Since this problem is longer I will try to break it into small pieces. Here we must understand that we have two variables from the beginning - the 1st being the longest string length, we will call it S. The second being the size of the array, we will call it A.

- We know that the time to sort a string is O(S log S),
- We know that we have to do this for every string we have - giving us O(A * S log S)
- Now we have to sort all array strings - this is another small problem within the problem. To compare a String we need a time of O(S), and we have to make an amount of O(A log A) within the array. This leaves us with a time of O(A * S log A).
- If we now add both parts we would have a time of O(A * S (log A + Log S))

Do not let this example demotivate you since it is a complex thing - it is good to only begin to have intuition for it, even if you do not understand it in depth.

### 9

What would happen if we have a Binary Tree and want to add the values of all the nodes?

```
int sumNodes(Node node) {
if (node == null) return 0;
return sumNodes(node.right) + node.value + sumNodes(node.left);
}
```

If we remember the recursion formula of the previous chapter, we could see that it is an exponential algorithm because of its N, O(Depth ^ Branches). In this case we have two recursive calls and N would be the number of nodes in the chain, so there would be **O(2 ^ N)**. Some people would say that O(2 ^ Log N) would be more correct in this case - and that it could be simplified to O(N), but it would be acceptable to say O(2 ^ N).

### 10

What do you think of this also recursive algorithm that calculates the factorial function of a number?

```
int factorial(int n) {
if (n < 0) return -1;
if (n == 0) return1;
return n * factorial(n - 1);
}
```

Here we have a simple recursive call that would go from n - 1, * n - 2, * n - 3 etc. In this case this would be simplified to **O(N)**.

### 11

Lets have a look at a more complex problem

```
void permutation(String string) {
permutation(string, “”);
}
void permutation(String str, String prefix) {
if (str.length() == 0) {
System.out.println(prefix);
} else {
for (int i = 0; i < str.length(); i++) {
String rem = str.substring(0, i) + str.substring(i + 1);
permutation(rem, prefix + str.charAt(i));
}
}
}
```

This algorithm will print every possible permutation of a word - Imagine doing it with ABC.

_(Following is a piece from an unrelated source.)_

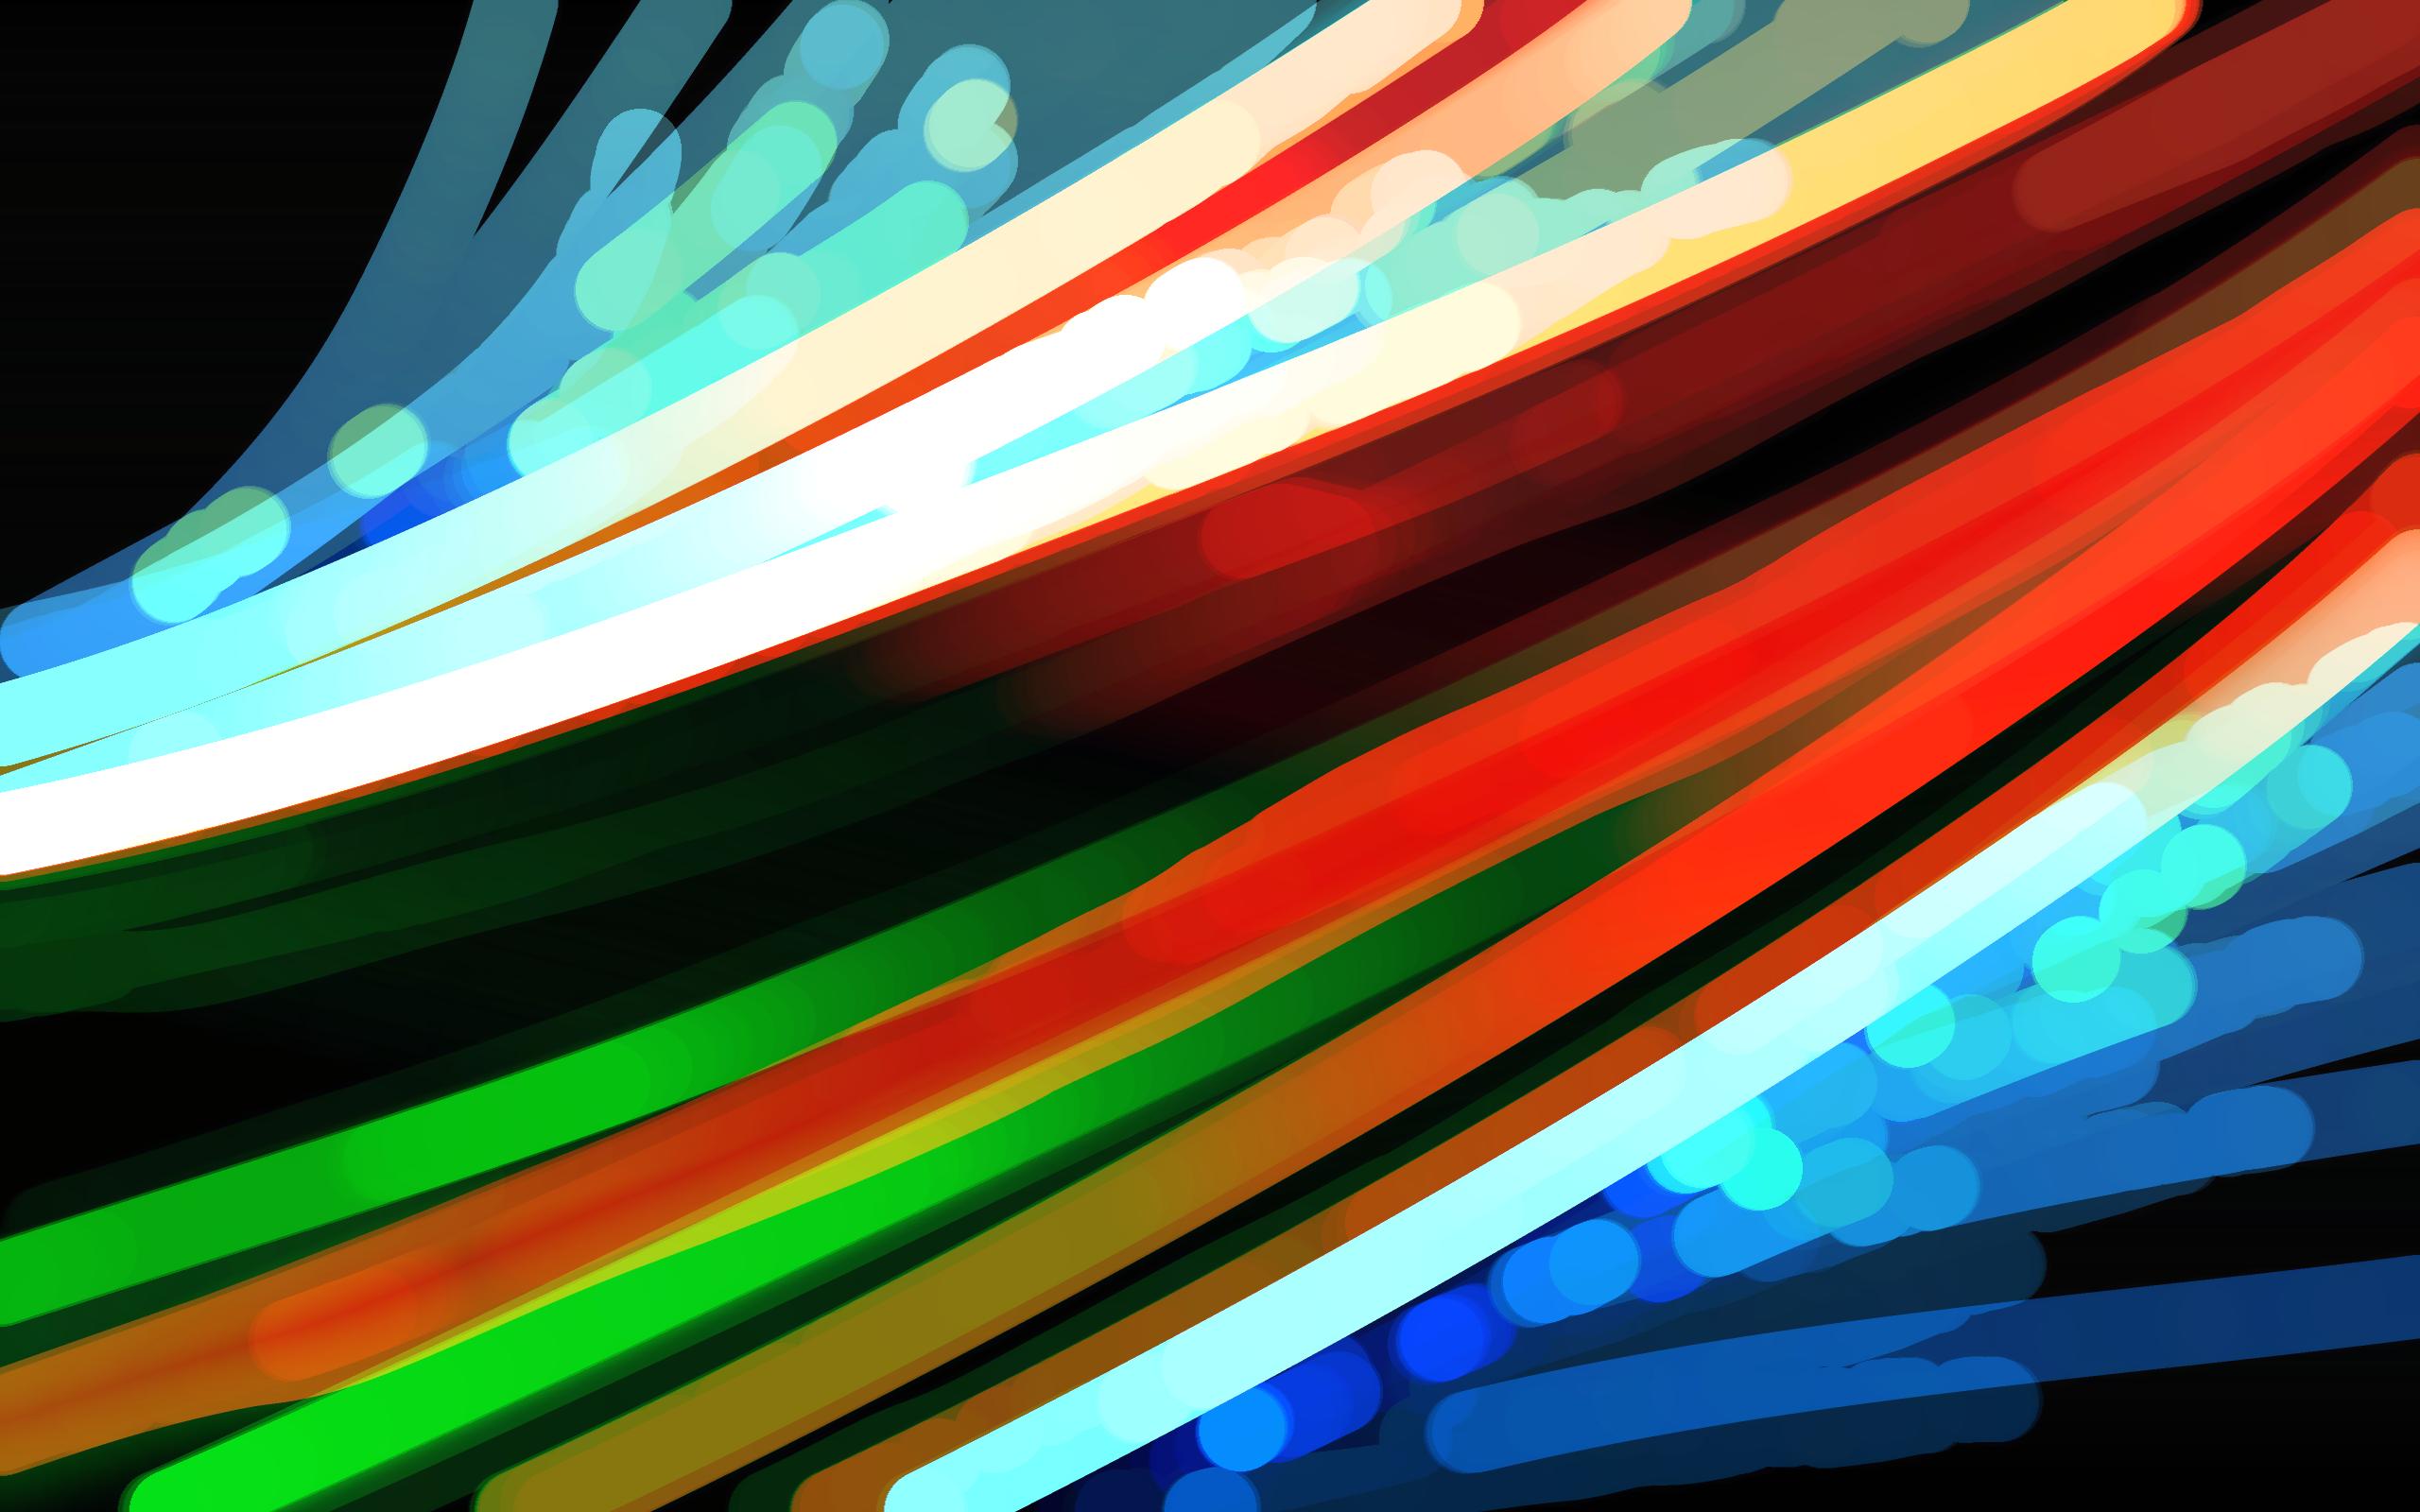 Flow Wallpaper by DefineDesign on DeviantArt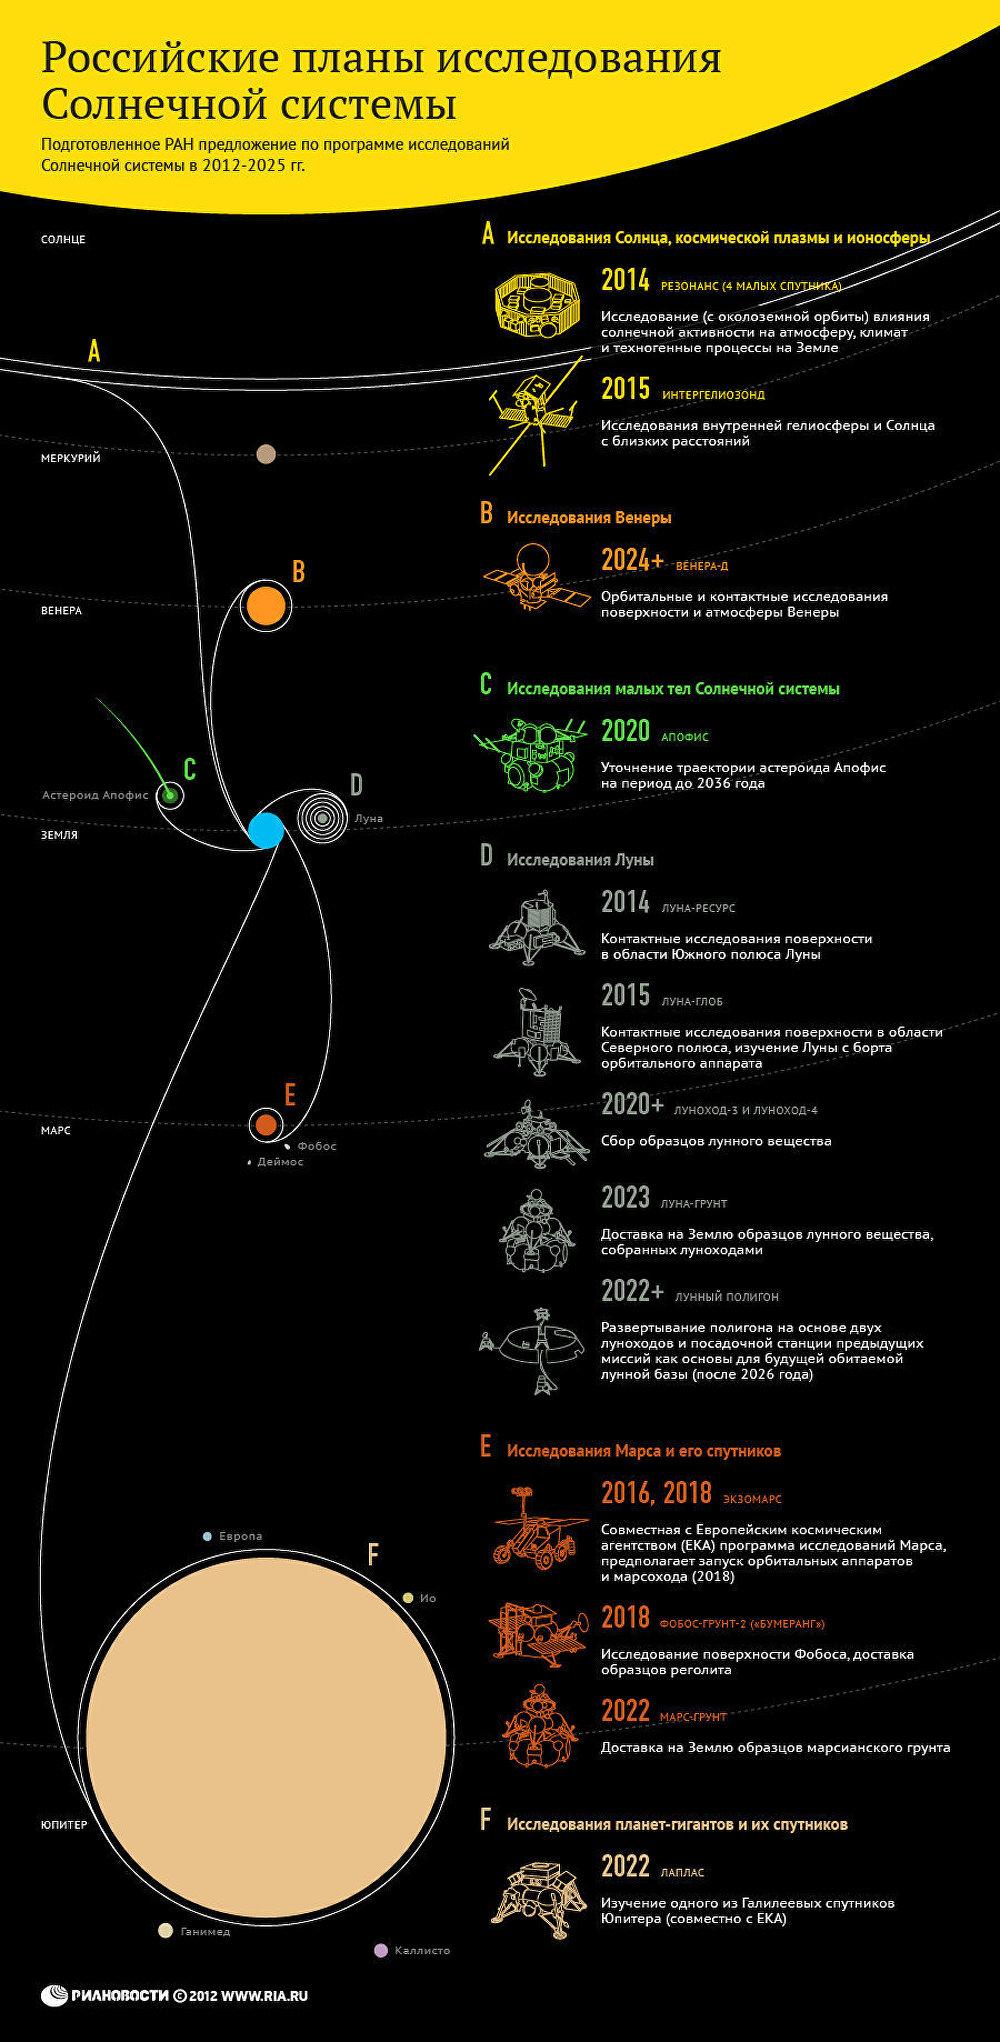 Российские планы исследования Солнечной системы

A permutation is all possible ways in which a data set can be ordered. In this case it would be like ABC, ACB, BAC, BCA, CAB, CBA. In this type of algorithm, something similar to factorial occurs where the function will be called N! Number of times (N being the string length). If N is of length () 4 then it would be called 4 * 3 * 2 * 1.

### 12

Lets look at a function that computes N Fibonacci

```
int fib(int n) {
if (n <= 0) return 0;
if (n == 1) return 1;
return fib(n - 1) + fib(n - 2);
}
```

Generally speaking when we see an algorithm with multiple recursive calls we know that it is O(Branches ^ Depth). In this case **O(2 ^ N)**,

### 13

What would happen if we use a very famous technique called **Memoization** (it is a way to optimize recursive functions by saving pre-computed results)

```
void allFib(int n) {
int[] memo = new int[n+1];
for (int I = 0; I < n; I++) {
System.out.println(I + “: “ + fib(I, memo));
}
}
int fib(int n, int[] memo) {
if (n <= 0) return 0;
if (n == 1) return 1;
if (memo[n] > 0) return memo[n];
memo[n] = fib(n - 1, memo) + fib(n - 2, memo);
return memo[n];
}
```

This would optimize the algorithm completely as it would change the time from (2 ^ N) to O(N), a drastic improvement! This means that instead of re-computing all previous values to reach the next number - the algorithm only references them within the array of pre-computed values. This makes it a constant value.

### 14

What do you think of this algorithm that prints all the powers of 2. 2,4,8,16,32,64.

```
int powersOf2(int n) {
if (n <= 0) return 0;
if (n == 1) return 1;
int prev = powersOf2(n / 2);
int cur = prev * 2;
System.out.println(cur);
return cur;
}
```

If we really see what is happening with this algorithm, it keeps dividing N by 2 inside of each operation. So it looks more like a type of function like that of a Binary Tree. Therefore the time would be **O(Log N)**.